I pettoranesi, esperti carbonai e taglialegna, svilupparono reti commerciali di vasta portata che li portarono a lavorare per lunghi periodi fuori regione. La crisi del settore boschivo negli anni Cinquanta determinò tuttavia una frattura profonda: la popolazione iniziò a diminuire drasticamente a causa di due grandi ondate migratorie, dirette prima verso le Americhe (Argentina, Brasile, Stati Uniti) e successivamente verso Canada, Venezuela, Australia ed Europa. Oggi l'economia si è riconvertita verso il turismo culturale e naturalistico, pur mantenendo produzioni agricole d’eccellenza come olio e ortaggi.

Andamento demografico

Inizi XX sec: 5.200 abitanti

Anni 50: 4.250 abitanti

Anni 80: 1.300 abitanti

Oggi: 1.300 abitanti

Il sistema festivo: continuità e mutamenti

Le tradizioni di Pettorano mostrano una forte persistenza di elementi arcaici: il culto del fuoco, il rapporto con i defunti, il travestimento, la satira pubblica e la dimensione comunitaria del rito.
Capodanno: L’anno si apre con la suggestiva Serenata di Capodanno, un rito propiziatorio di canti e musiche che un tempo fungeva da questua solidale per le donne del paese.
Sagra della Polenta (primi di gennaio): Istituita negli anni Cinquanta, è oggi l'evento gastronomico più noto, nato per celebrare l'alimento simbolo dei lavoratori del bosco.
Sant’Antonio Abate (17 gennaio): Il fuoco diventa protagonista con i falò di quartiere e la tradizionale benedizione degli animali.
Carnevale: Il borgo si anima con il Testamento, un momento di satira pungente in cui la parola diventa strumento di libertà e denuncia sociale.
Pasquetta e Luglio: La rinascita della natura è celebrata il Lunedì dell’Angelo in onore di Santa Margherita, festeggiata solennemente anche il 12 e 13 luglio insieme a San Benigno.

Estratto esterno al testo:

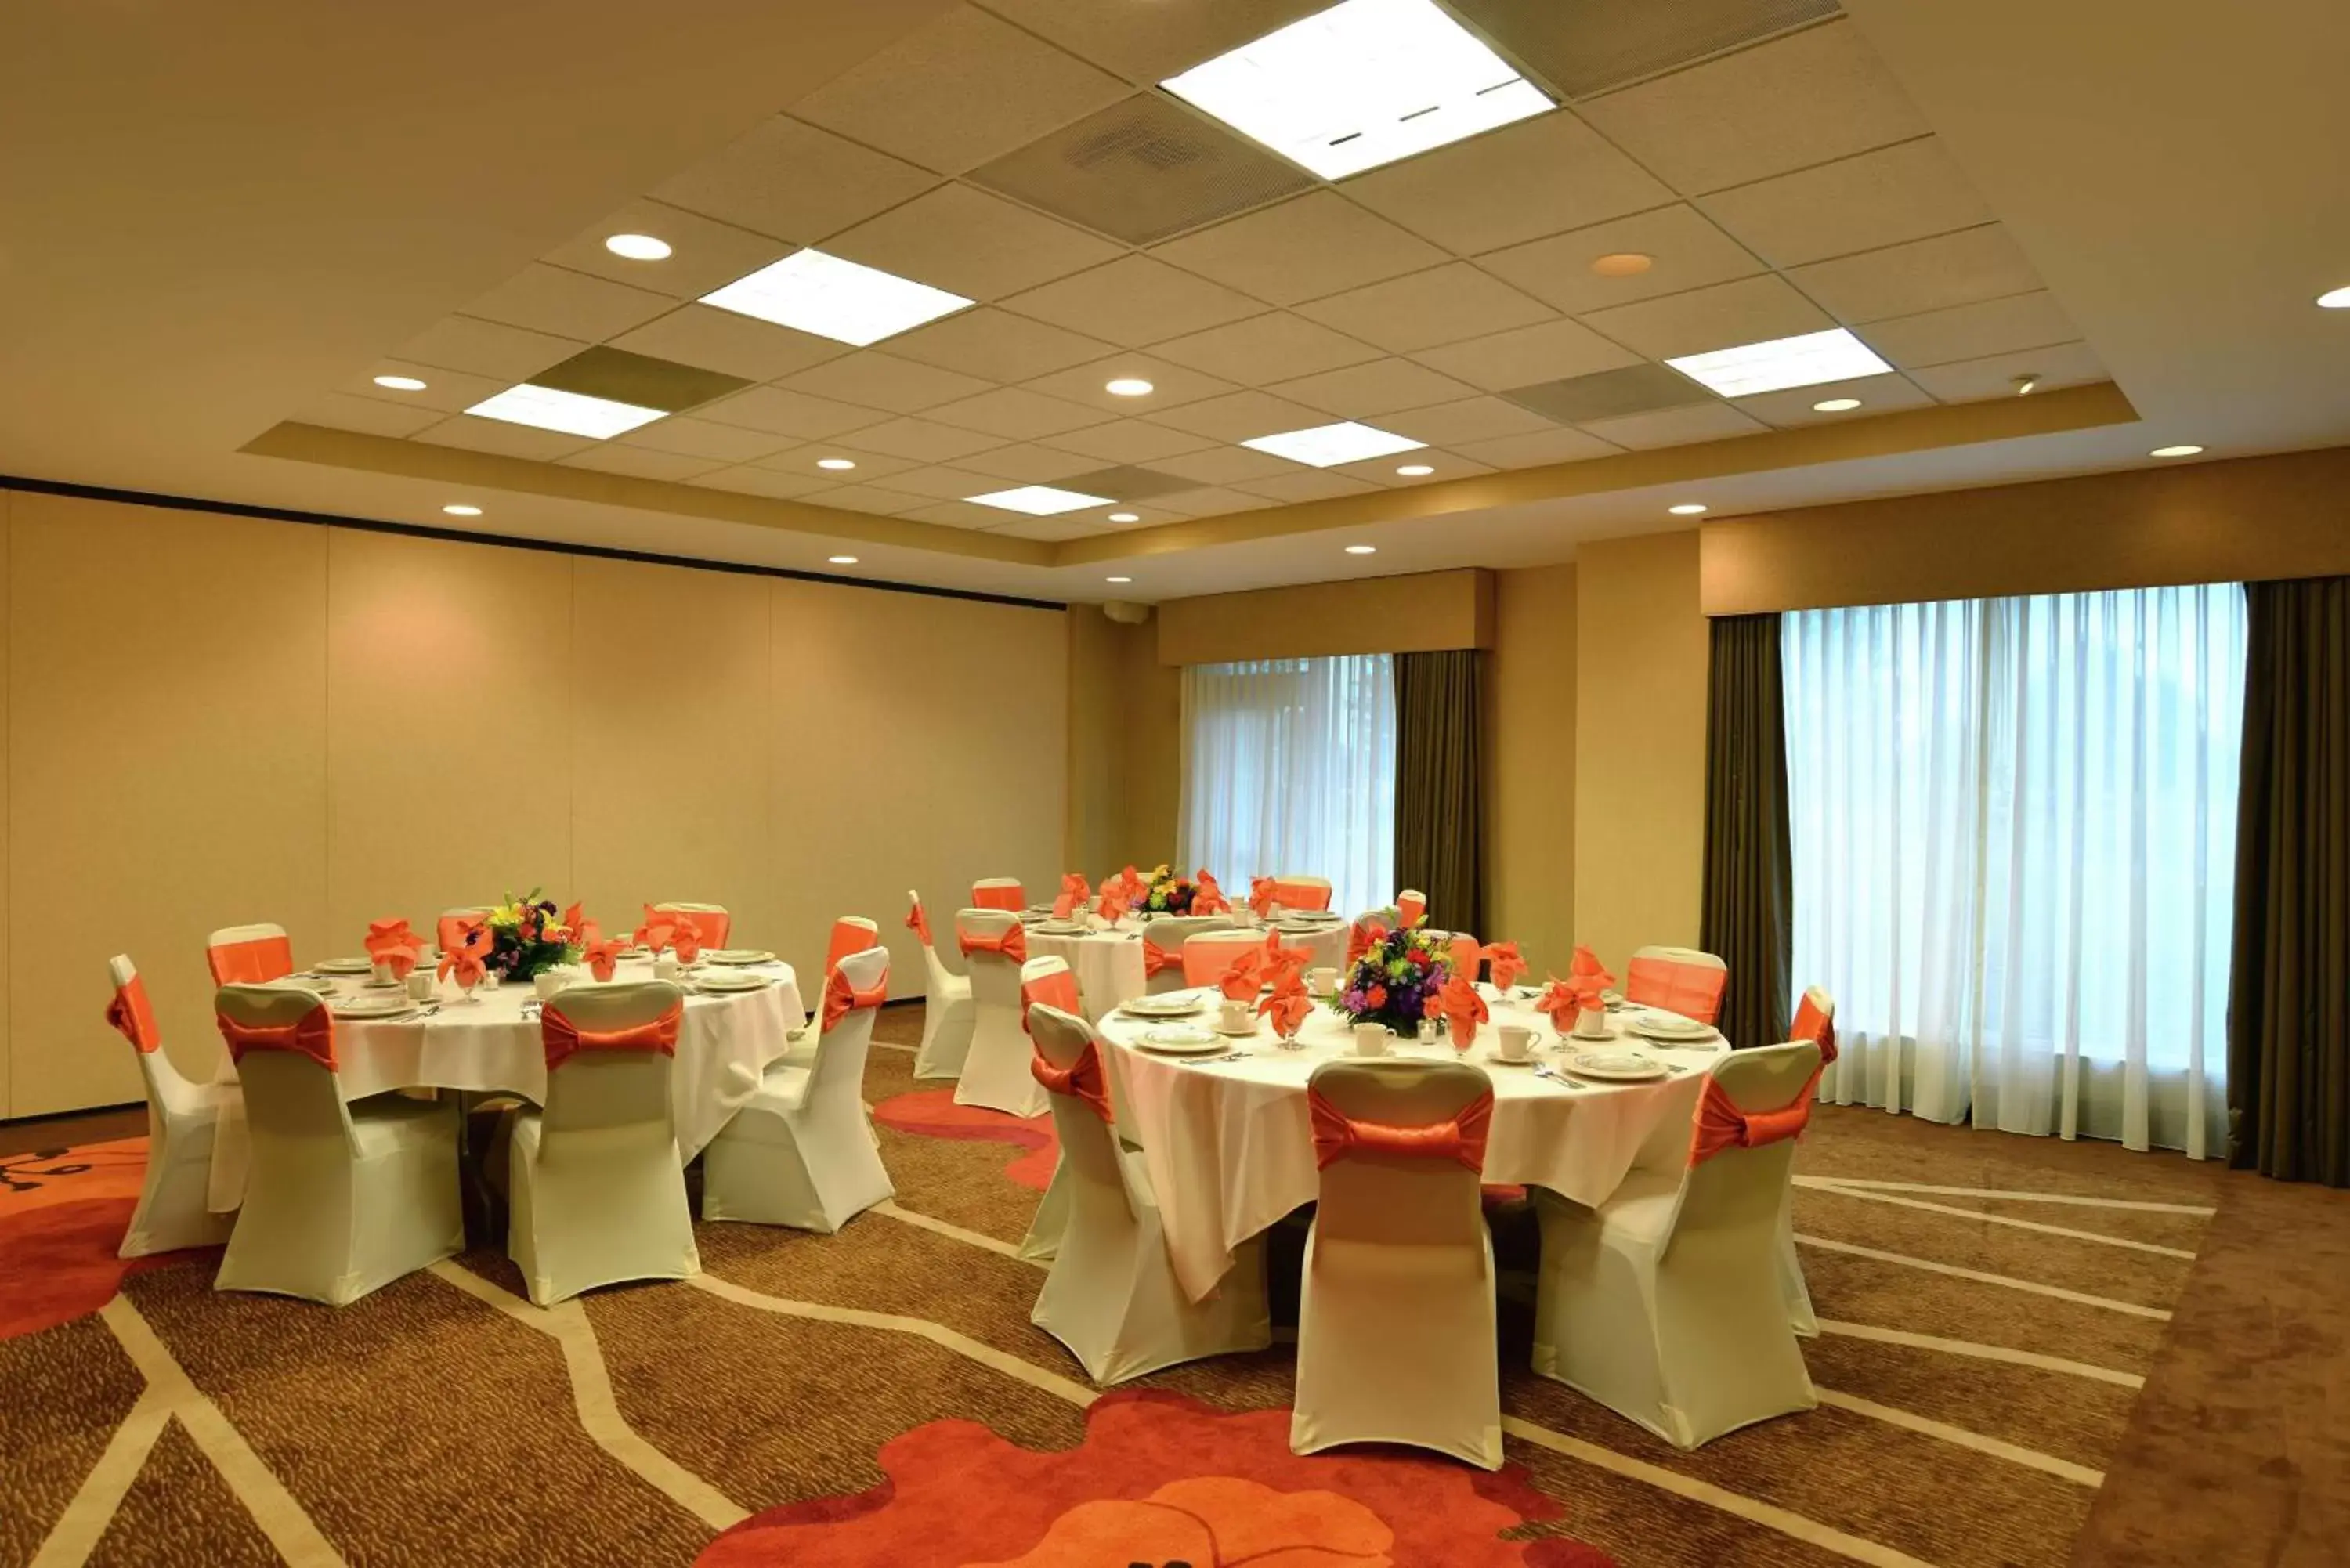 Meeting/conference room, Banquet Facilities in Hilton Garden Inn Kankakee

Riti scomparsi e memoria popolare

L'anno della tradizione iniziava a novembre con il "Capotempo" (capetiémpe).
1-2 novembre: Si usava lasciare la tavola apparecchiata per permettere ai defunti, di passaggio nella notte, di rifocillarsi.
San Martino (11 novembre): Ogni quartiere preparava un pupazzo di paglia con una testa di zucca intagliata e illuminata, ornata con corna di capro, poi bruciato dopo una processione.
San Sebastiano (20 gennaio): La sera della vigilia, la statua del Santo veniva traslata per unirsi a quella di Sant'Antonio. Seguiva la benedizione dei fuochi e la distribuzione rituale di carboni e ceneri.
Lunedì dell’Angelo: I giovani si recavano alle sorgenti del fiume per cogliere ramoscelli di bosso, annunciando così l’arrivo della primavera.
Luglio: I giovani di Pettorano e Sulmona usavano immergersi nelle acque del Gizio presso la "Cascata dell’acqua" (Forma Grande), attribuendo all'abluzione poteri rigenerativi.
San Rocco (16 agosto): Si svolgeva una riffa per l'acquisto di pietre da lanciare contro un gallo legato a un palo; il volatile spettava a chi sferrava il colpo mortale.
Madonna del Carmine (settembre): Segnava la fine dell’estate e l’inizio della transumanza, culminando con il tradizionale "ballo delle pupazze".

Società e legami territoriali
Per lunghi periodi dell’anno il paese era abitato prevalentemente da donne, poiché gli uomini erano assenti per lavoro. I rapporti con Sulmona erano intensi per via del mercato, mentre scambi costanti avvenivano con i centri dell’Alto Sangro. Un legame speciale univa Pettorano a Scanno, oltre il Genzana: le due comunità condividevano il pellegrinaggio a San Gerardo (Val Comino) e frequenti legami matrimoniali.